## EXERCISE BRIEF
From the listing below, restate word for word the lines from the line containing "Schützen - PokalVorpommern" down through the line containing "Tiendas en Bilbao". Exclude pictures.

## INFORMATION SHOWN
______

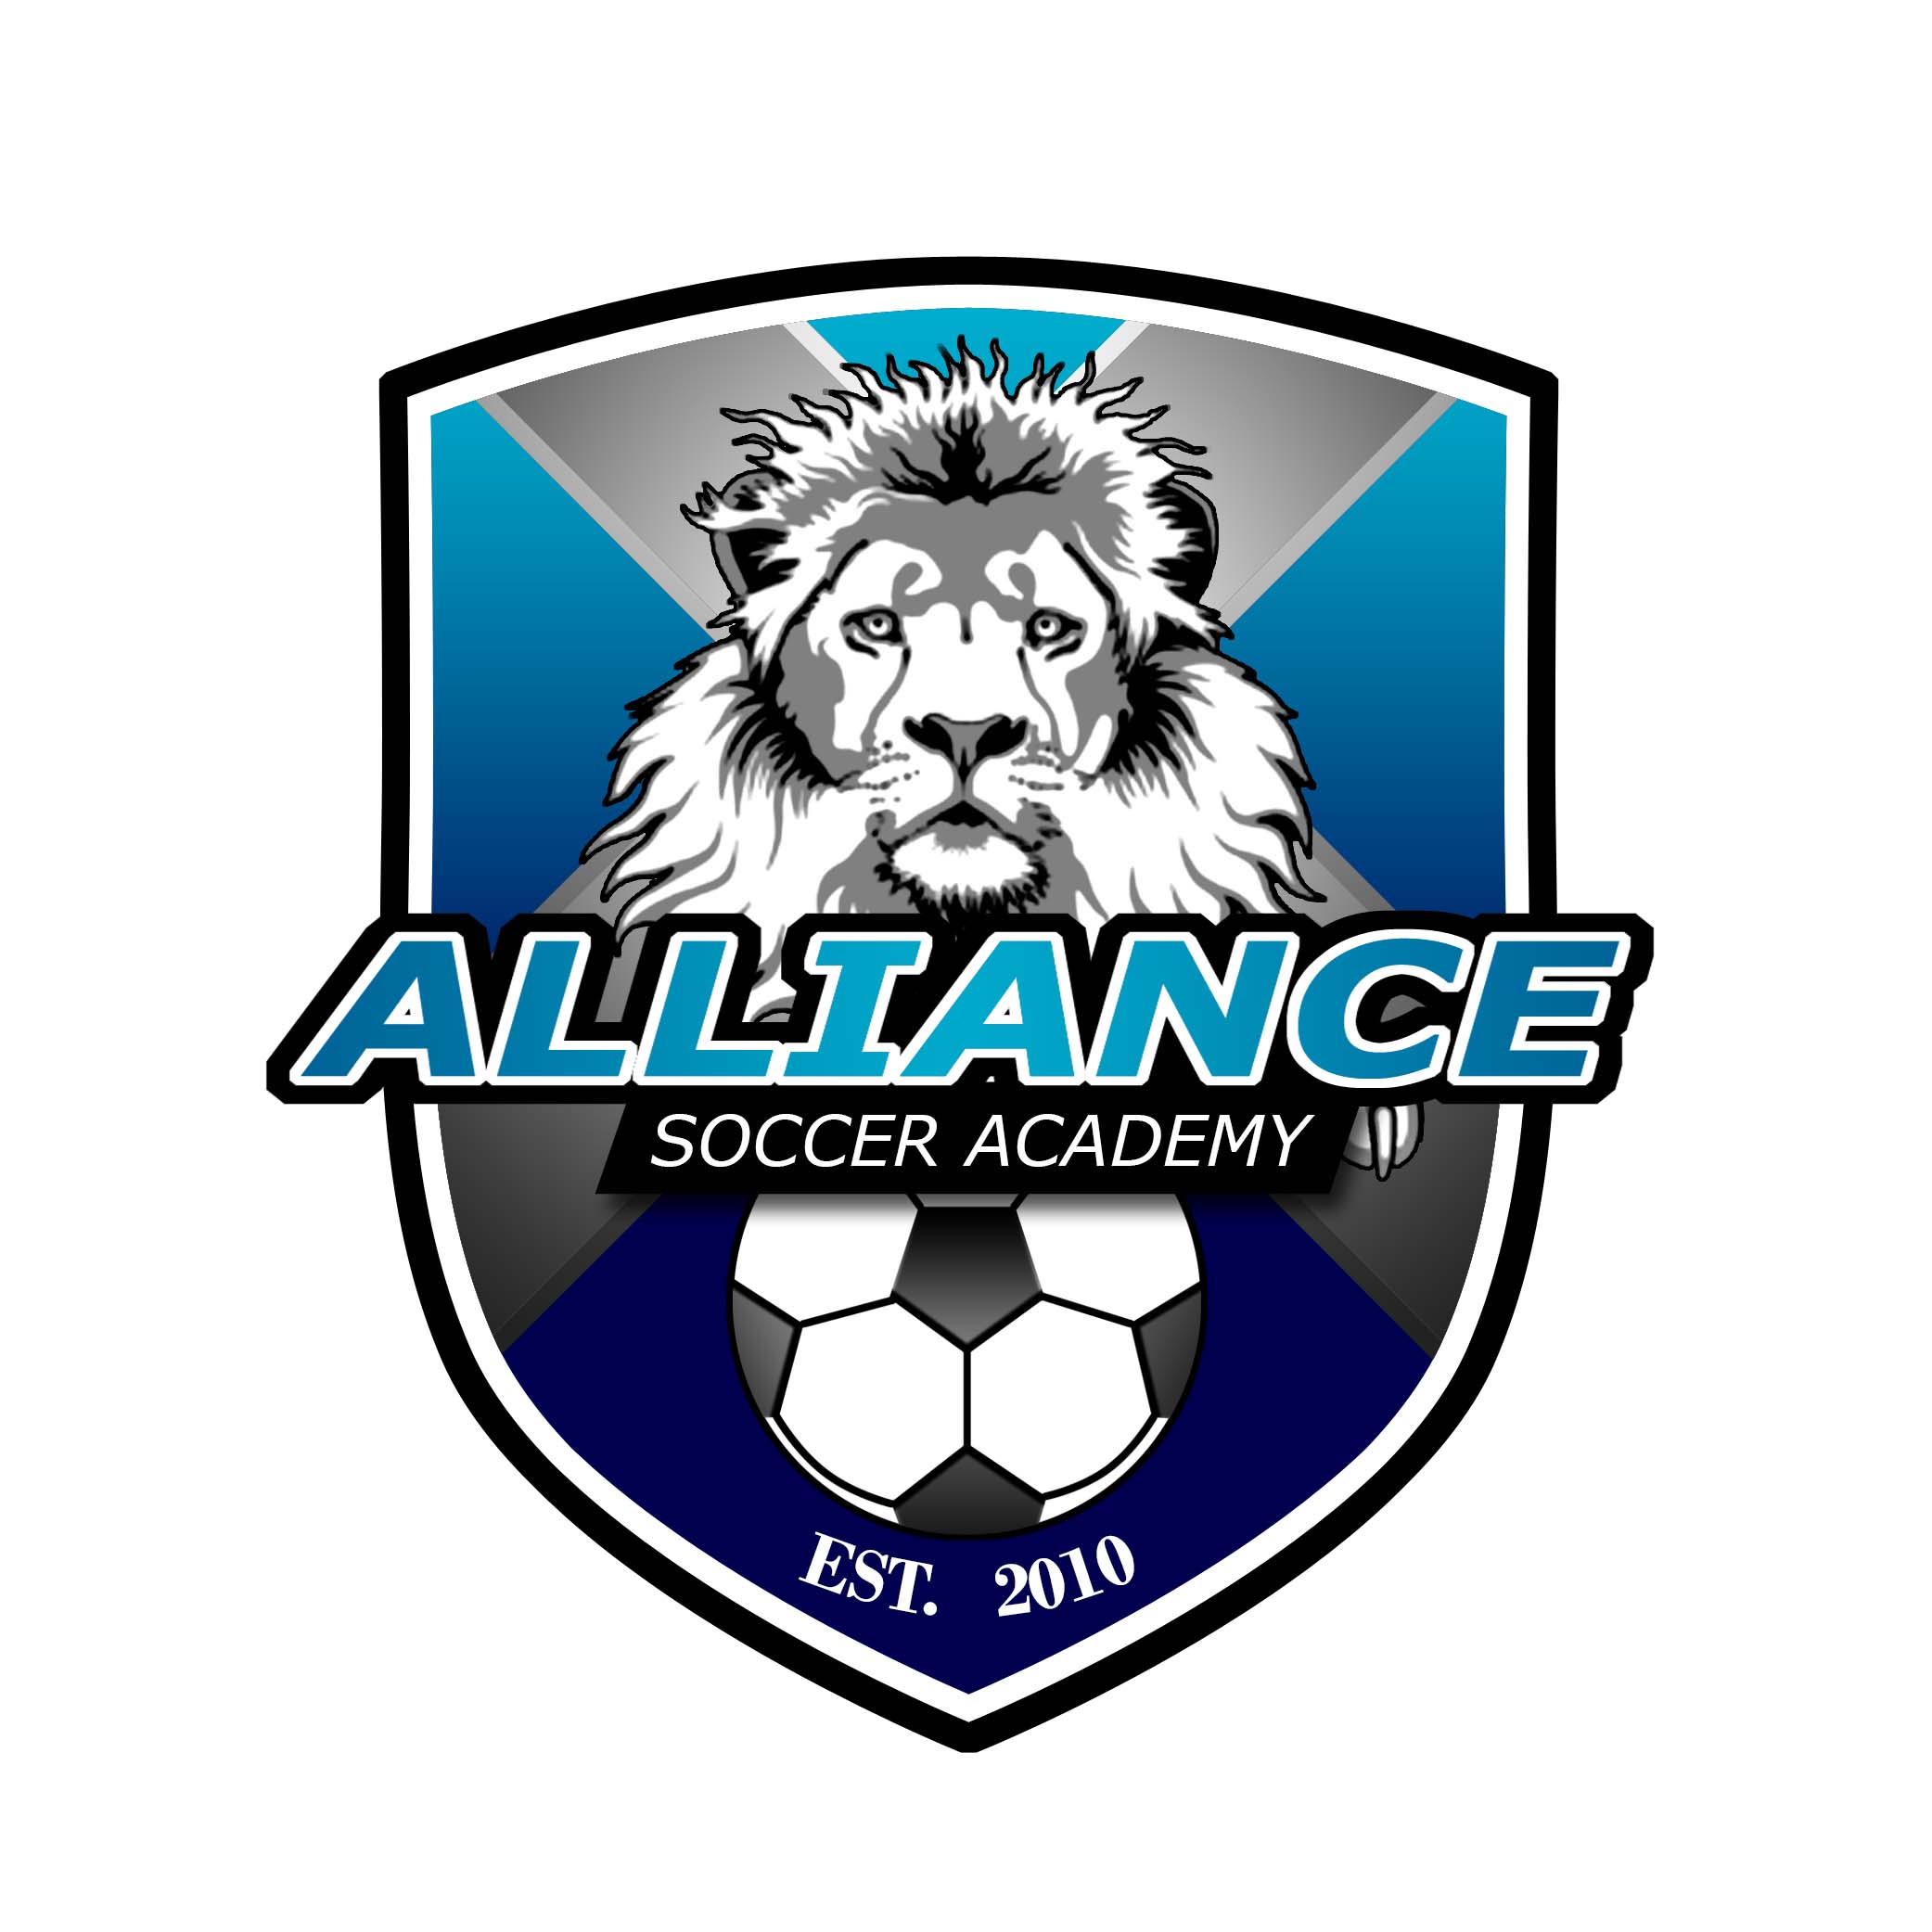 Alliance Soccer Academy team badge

______

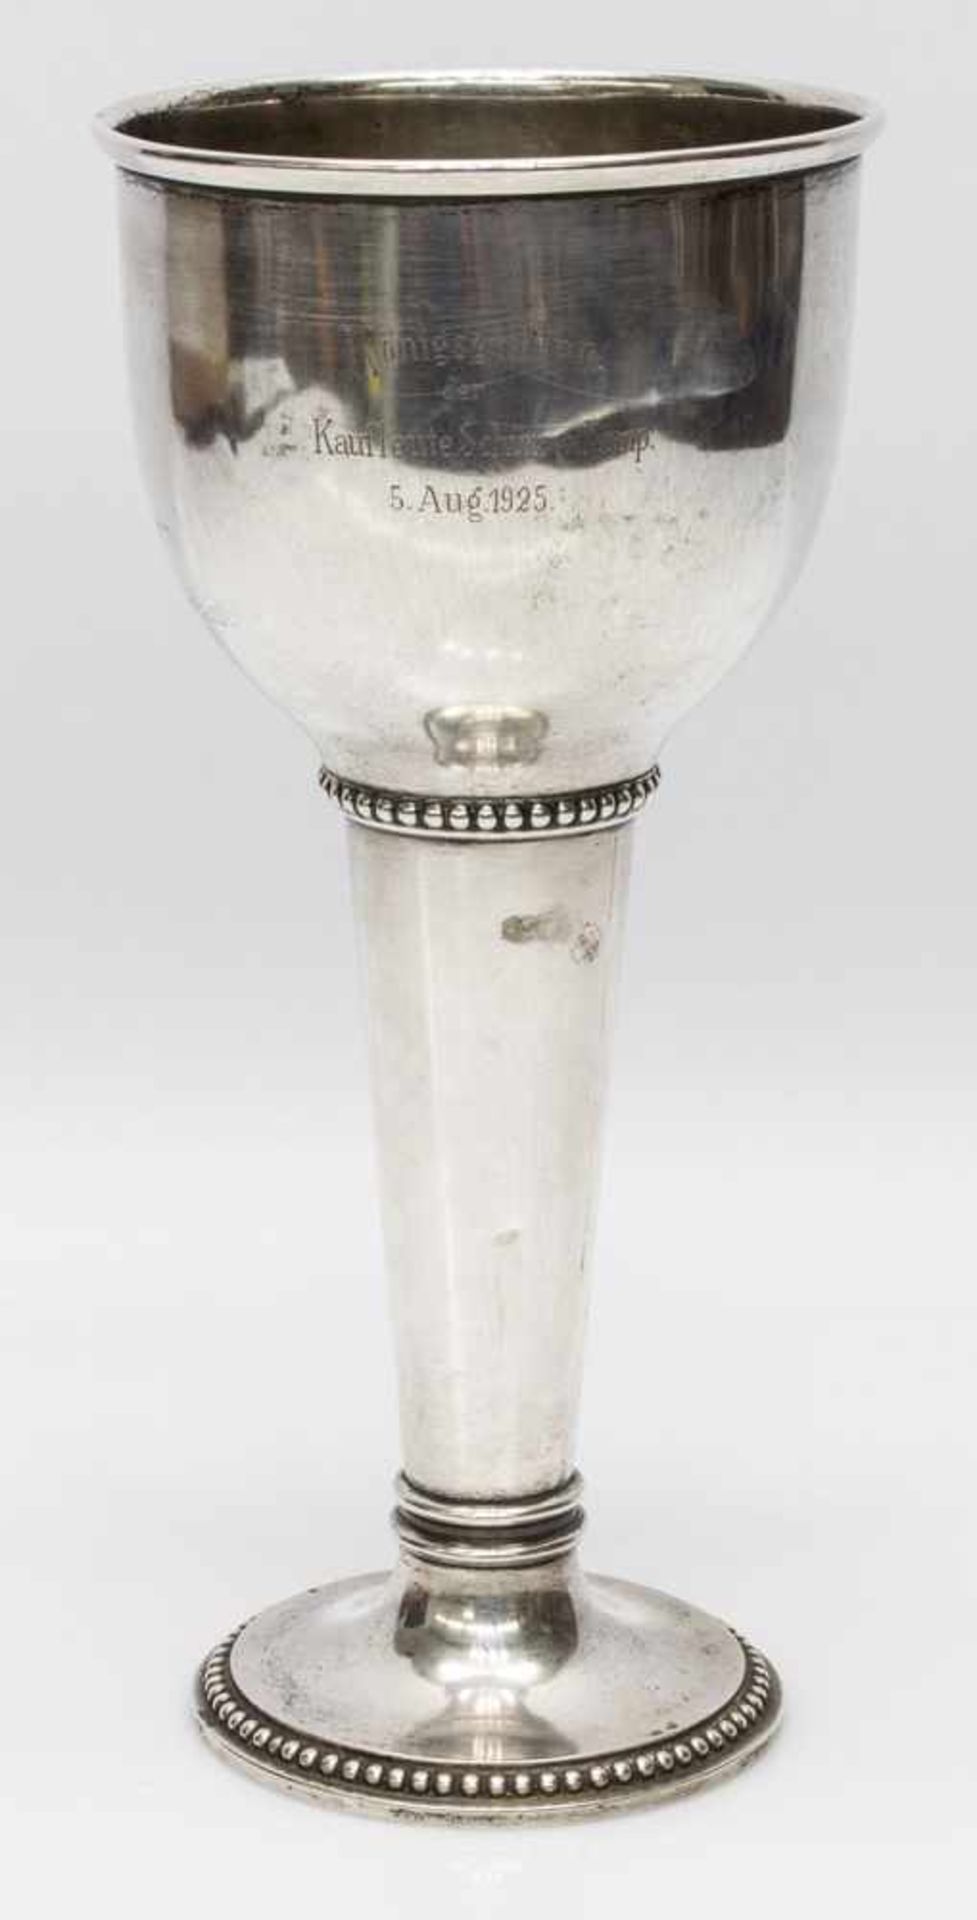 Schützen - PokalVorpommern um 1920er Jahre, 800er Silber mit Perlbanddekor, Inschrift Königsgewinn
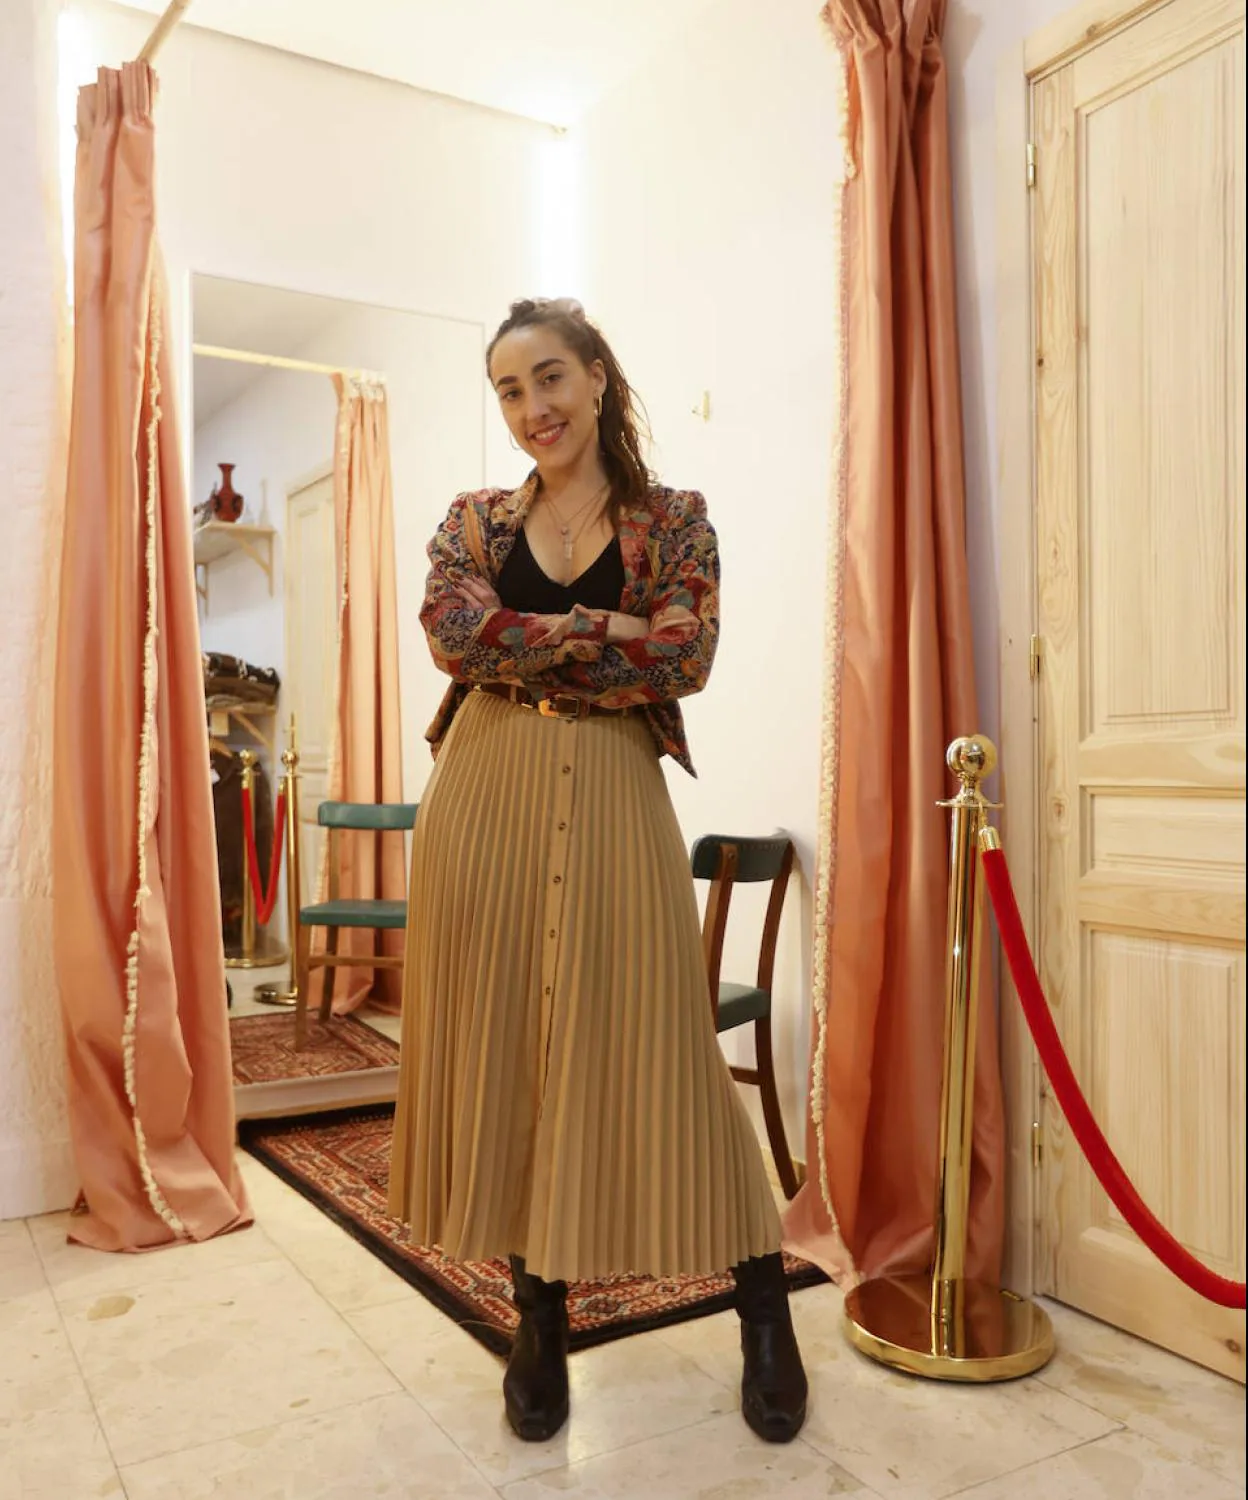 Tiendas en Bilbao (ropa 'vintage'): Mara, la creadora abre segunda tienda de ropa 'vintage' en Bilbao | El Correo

______

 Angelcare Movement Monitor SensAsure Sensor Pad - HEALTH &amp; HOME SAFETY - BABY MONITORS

______

## SOLUTION TO THE PROBLEM
 Schützen - PokalVorpommern um 1920er Jahre, 800er Silber mit Perlbanddekor, Inschrift Königsgewinn
 Tiendas en Bilbao (ropa 'vintage'): Mara, la creadora abre segunda tienda de ropa 'vintage' en Bilbao | El Correo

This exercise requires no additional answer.